A performance story: How a faulty QSFP crippled a Ceph cluster

A few weeks ago, we (NOC’s Servers Team) faced an unsual case of performance degradation on our public cloud, ~okeanos, caused by a crippled Ceph production cluster. After a first look, there is no obvious reason why everything suddenly slowed down, and that’s where the fun begins. In this post, we’ll describe what happened and if it really was Ceph’s fault or not.

Introduction

A developer noticed that on our ~okeanos deployment in Knossos, some write requests originating from Ganeti cluster hosts (which host our VMs) to our local Ceph cluster took a lot of time. “A lot of time” means that approximately, 1 of 10 rados put operations took at least 10 seconds, instead of some milliseconds. This is a huge delay which affects greatly VM performance; for instance, a VM creation took almost 10 minutes instead of 45 seconds. Unfortunately, our monitoring system did not monitor at that time Ceph’s client-side I/O latency, which made even more difficult for use to catch this problem. It’s also worth to notice that neither we (the operations team) nor our networking team, did not receive any alerts regarding Ceph, Ganeti or anything else related on this datacenter and deployment the last days, which we could correlate to these “symptoms”.

Defining The Problem

It was not easy for us to detect the actual problem. Is it a Ceph issue? Was it a VM host issue or a network issue? Our only sign of a problem was a simple bash loop:

# dd if=/dev/urandom of=testobject bs=4M count=1
# for i in `seq 1 50`; do /usr/bin/time -f %E rados --id rbd -p rbd put testobject testobject 2>&1 | grep -v 0:00; done
0:06.37
0:09.12
0:10.44
0:08.02
0:11.01
0:07.29

Our first, obvious, target was Ceph. For the record, this cluster is running on Ceph Luminous v12.2.4, on 16 hosts with Filestore OSDs.

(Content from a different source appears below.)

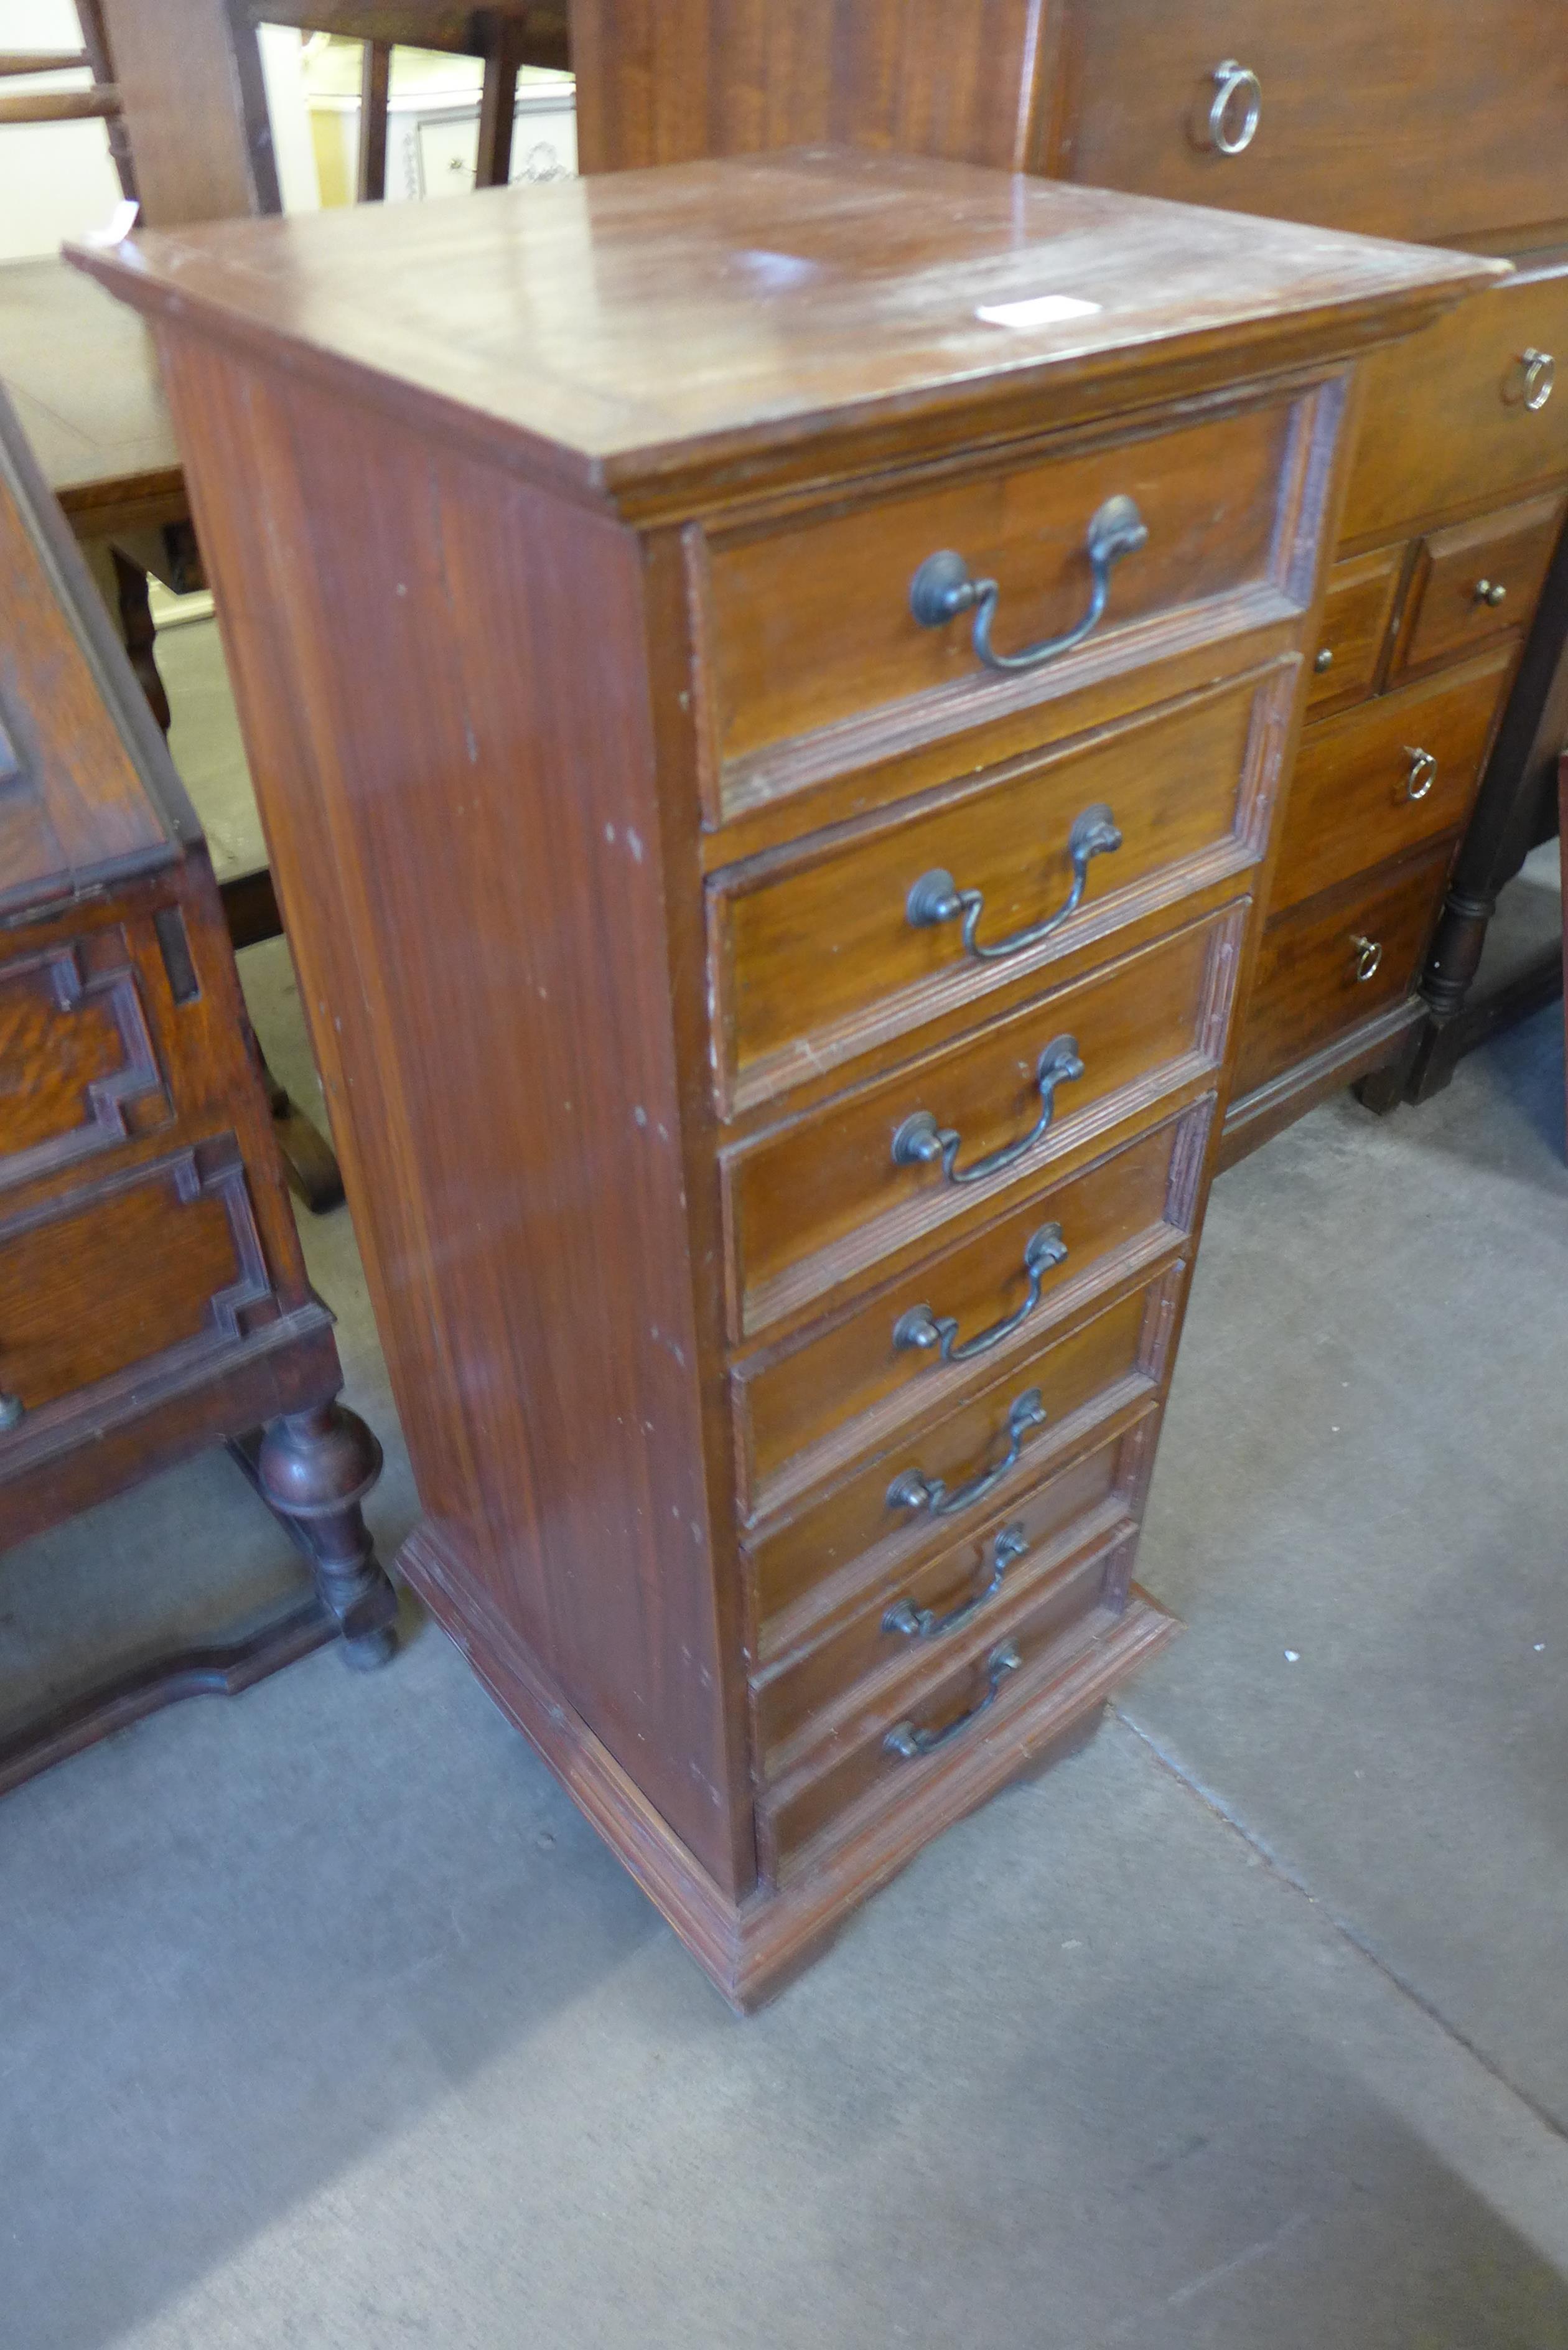 A Semainier mahogany chest of drawers

First of all, we checked Ceph for the following:

  • Reported slow requests
  • Crashed or down OSDs
  • “Strange” OSD logs
  • Current and history health status
  • Spikes or outliers on our metrics

We did not notice anything unusual. So, we targeted our Ceph hardware nodes:

  • dmesg. Anything unusual and I/O related?
  • System metrics. Do we have increased I/O latency or load anywhere? Any strange spike?
  • Did anything change the last days on our cluster? A change in Puppet? A kernel upgrade?
  • Hardware issues? NIC error counters? Disk failures? I/O errors?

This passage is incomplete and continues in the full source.